Gain of function to build therapeutically useful viral vectors

Another excellent example of gain of function research is modification of a viral vector to make it more useful for human gene therapy.

Adenovirus associated virus (AAV) is the most commonly used vector for a variety of gene therapy applications, including gene replacement and gene editing. These small viruses, which comprise a single-stranded DNA genome surrounded by an icosahedral protein shell (illustrated), have a number of features that make them useful for gene therapy, including easy manipulation and growth in large quantities, and induction of persistent gene expression for long periods of time. An example is the drug Luxturna which is an AAV vector containing a retinal pigment gene that is used to treat some forms of blindness.

Naturally occurring AAV vectors have some limitations, including the propensity to become sequestered in the liver after systemic injection. Consequently reaching other organs with AAV vectors requires injection of large amounts of recombinant virus, which may be accompanied by toxicity.

A number of approaches have therefore been developed to modify AAV vectors so they preferentially infect other tissues. A number of muscle diseases would benefit from gene therapy and therefore AAV vectors have been developed to target that tissue. In one approach that I described before, ancestral AAV viruses were recovered and shown to efficiently infect muscle cell types.
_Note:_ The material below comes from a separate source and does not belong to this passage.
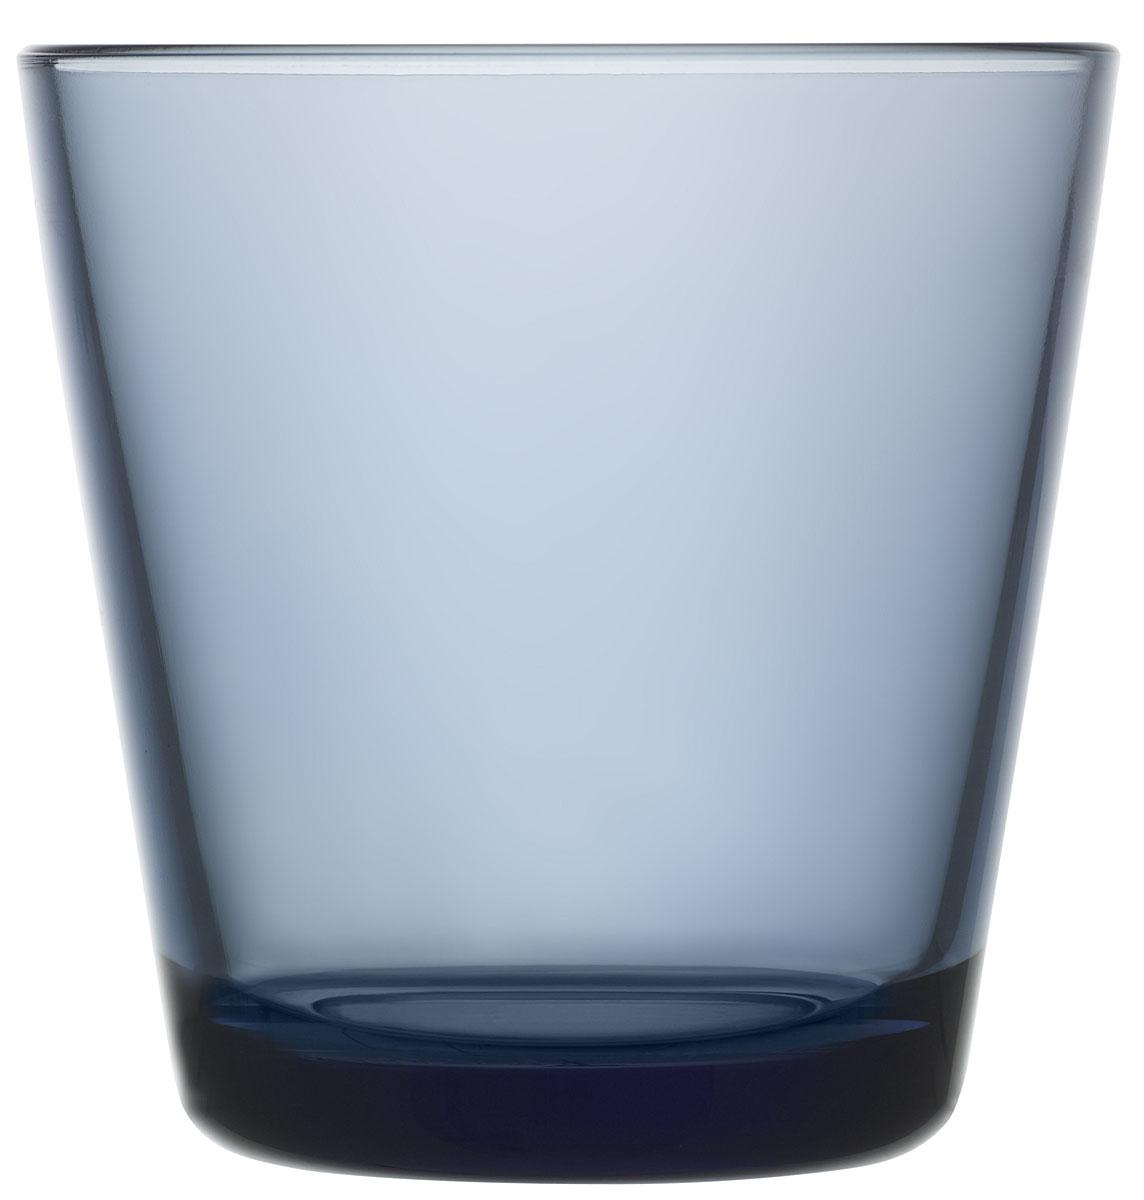 Стакан Iittala Kartio, цвет: темно-синий, 210 мл, 2 шт1008721
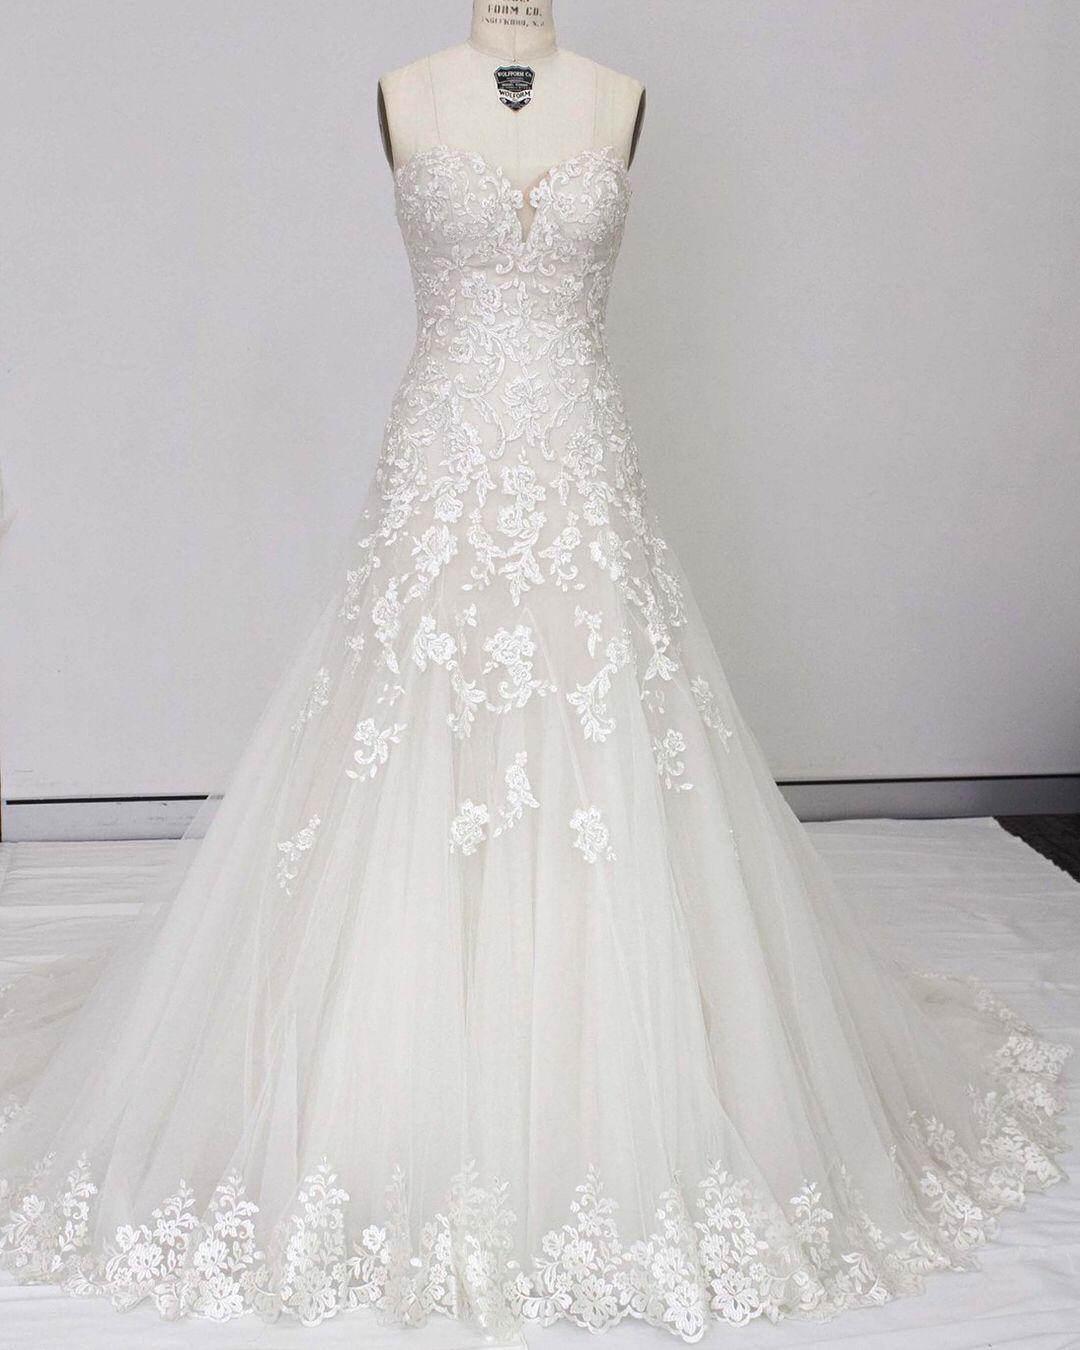 Strapless Dropped Waist Lace Fairytale Wedding Dress

A more recent approach involved modifying the AAV genome by inserting random stretches of 7 amino acids into the viral capsid protein, infecting mice with large libraries of these variants, and identifying those that best infect muscle. In addition, muscle-specific promoter sequences were also incorporated in the viral genome. After multiple rounds of infection of mice, recovery of viruses from muscle and reinfection, capsids were identified that more efficiently infect muscle tissue and less efficiently infect liver, in multiple mouse strains and in nonhuman primates. The new AAV capsids can rescue two different types of muscle disease in mice: Duchenne muscular dystrophy and X-linked myotubular myopathy after intramuscular inoculation.

The ability of these new AAV vectors to preferentially infect muscle cells depends on the presence of three added amino acids in the viral capsid, RGD. This three amino acid motif is known to bind cell surface proteins called integrins. Indeed, the increased efficiency of these engineered vectors depends on the presence of integrins on target cells.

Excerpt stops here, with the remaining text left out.